Although I know it is silly to hang on to a childhood memory for so many years, the pretty apple trees, thirsting for the first rain of Spring, haunted me for a long time.  How many books have I written that never made their way beyond my own pen and paper?  At least three.  How many stories have I written that I eventually threw away, not wanting to share with anyone else?  Hundreds. 

As my own children were growing up, I made a point to let them know that life is not fair.  However, I would add, that doesn’t mean you shouldn’t stop trying, because one day, you might actually get your due.  When my father passed away in 2000, I found the infamous Arbor Day poem, tucked away amongst his papers.  As I held it, an elementary poem on a piece of gray paper from a Big Chief tablet written in the D’Nealian cursive of a third grader, I knew that by saving it, he was telling me the same thing.  Keep trying, you just might get your due.  I started writing again the next day, and haven’t stopped.  

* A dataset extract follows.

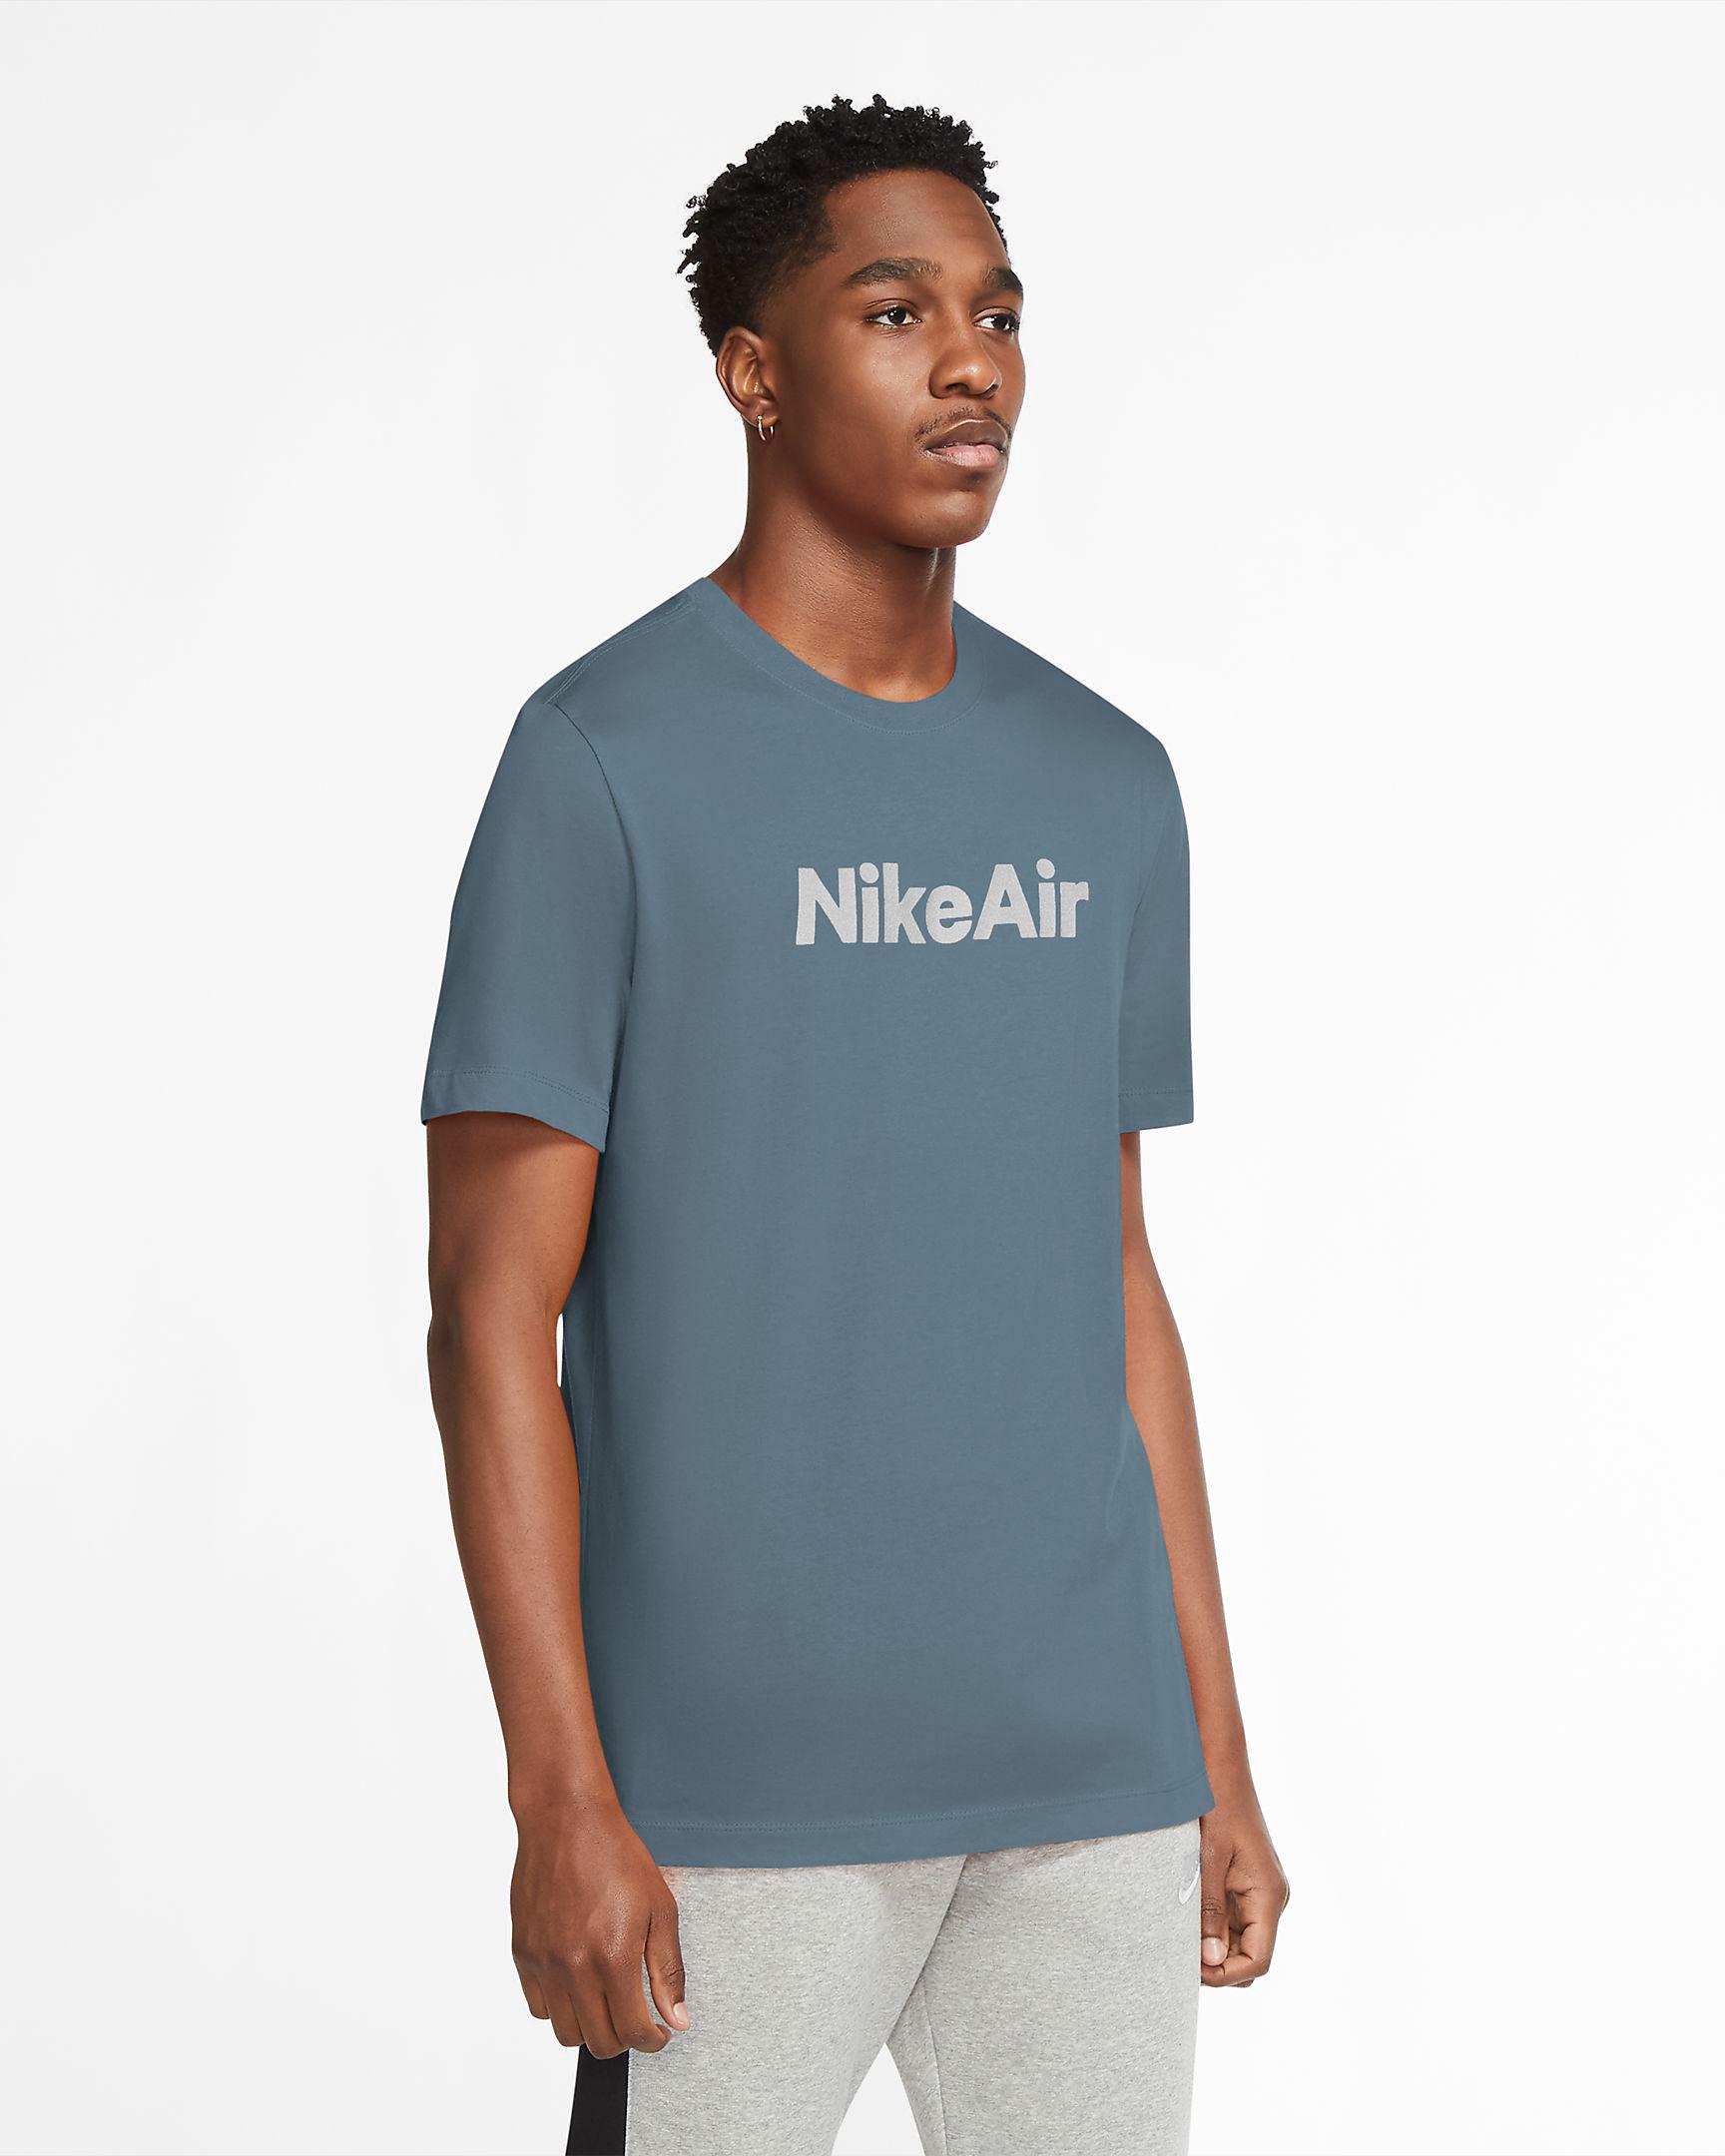 nike-kobe-ad-nxt-blue-hero-t-shirt-match

My stories, essays and articles have since been published in a variety of venues and I have received several awards for my work.  Every time I feel the slightest drizzle, I remember the trees and flowers of my childhood, waiting for the rain that would give them new life.  They have been patient, and so am I.  Life may not be fair, but if you keep trying, you just might get your due. 

And as for the poem?  I wrote every word.